# SCAA Green Coffee Grading



## bronc (Dec 10, 2012)

So I read that specialty beans are the ones which score above 80 on a 100 scale using SCAA's grading system. Any idea where can I find different beans' grades?


----------



## RolandG (Jul 25, 2010)

The ratings aren't absolute, because they are given by tasters (at different stages in the process) - they'll always be some variation between tasters and it has been known for even very experienced tasters to disagree by very large amounts.

As an example though, the results for the Rwanda Cup of Excellence are here:

http://www.allianceforcoffeeexcellence.org/en/cup-of-excellence/country-programs/rwanda-program/2012/

We (Has Bean) have bought the Mibirizi (lot 5) which steve has scored as a 91 (details on the score breakdown are on the website, under the cupping notes tab for that coffee) - which the cup of excellence jury scored as an 89.

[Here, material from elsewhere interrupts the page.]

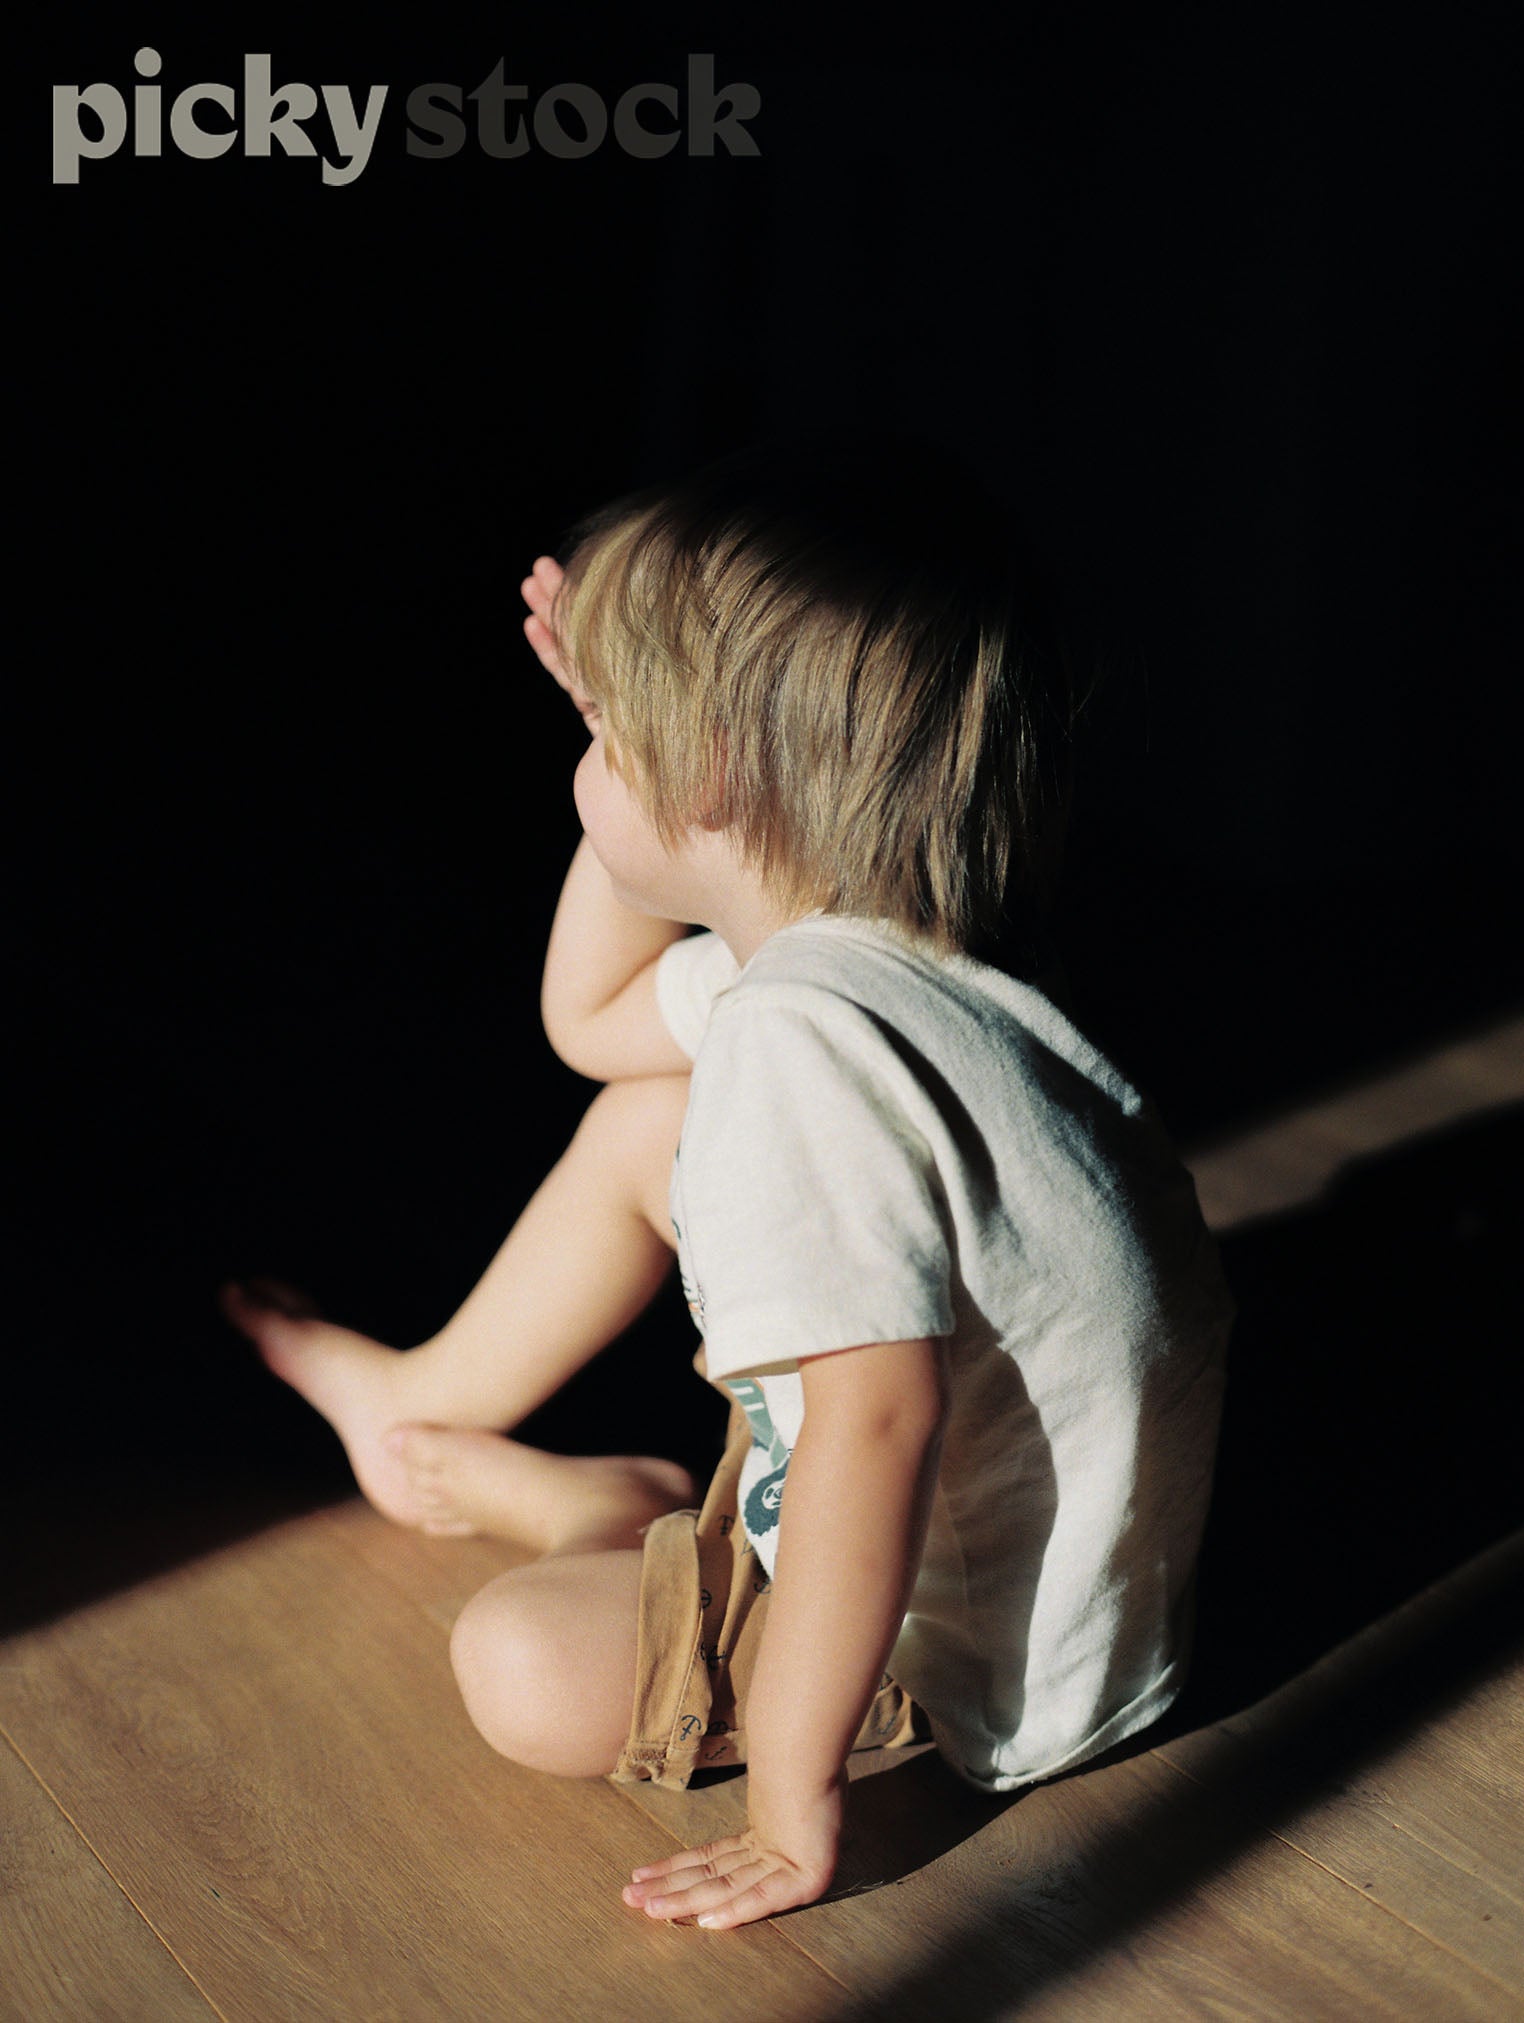 Small blonde young boy sitting on wooden floor. Sitting in light, with dark shadows surrounding him. 
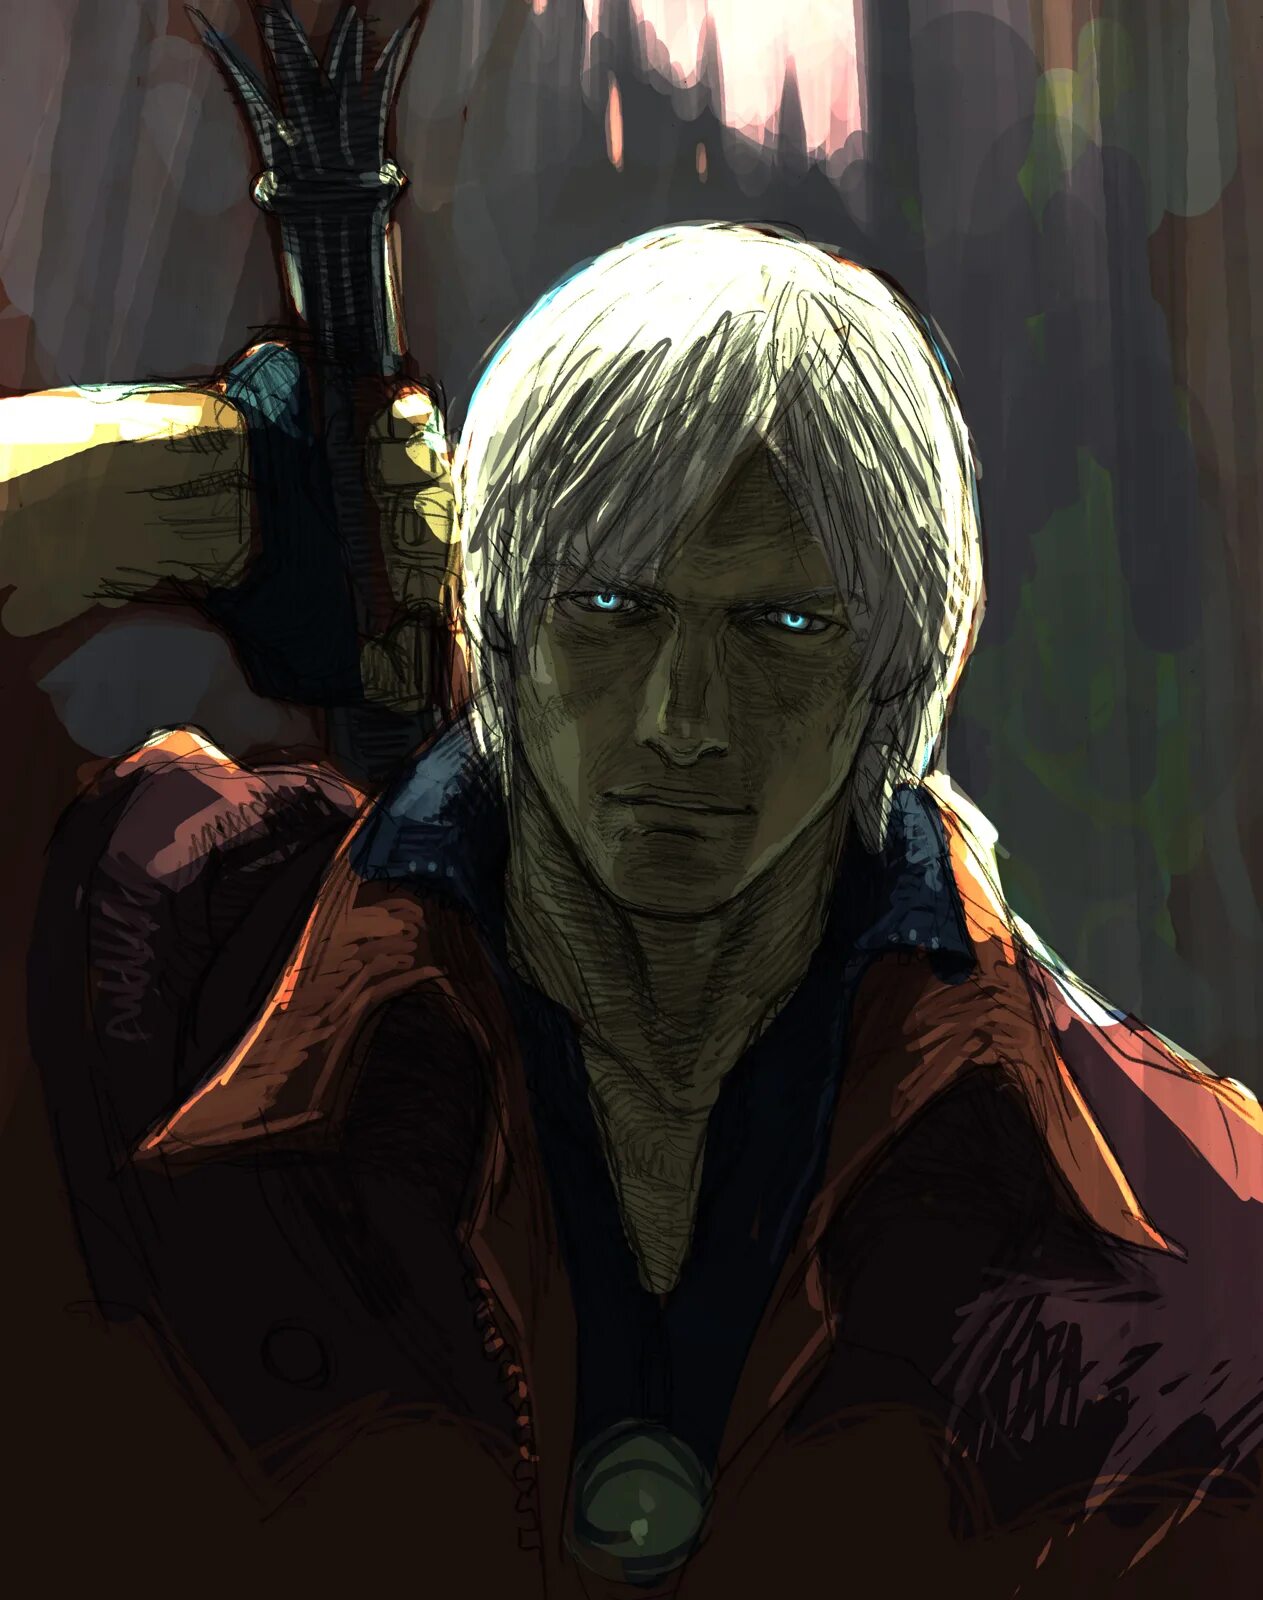 Данте Devil May Cry. Devil May Cry 4 Данте. Данте Devil May Cry 2013. Данте Devil May Cry 2.

You're unlikely to taste non-specialty grade coffee (less than 80 points) unless you're doing a cupping/tasting/grading course. Suffice to say I think less than 80 points is an eye opener when you're used to good coffee - they usually have people running for a glass of water









-- Sent from my Palm Pre3 using Forums


----------



## bronc (Dec 10, 2012)

Thanks!


----------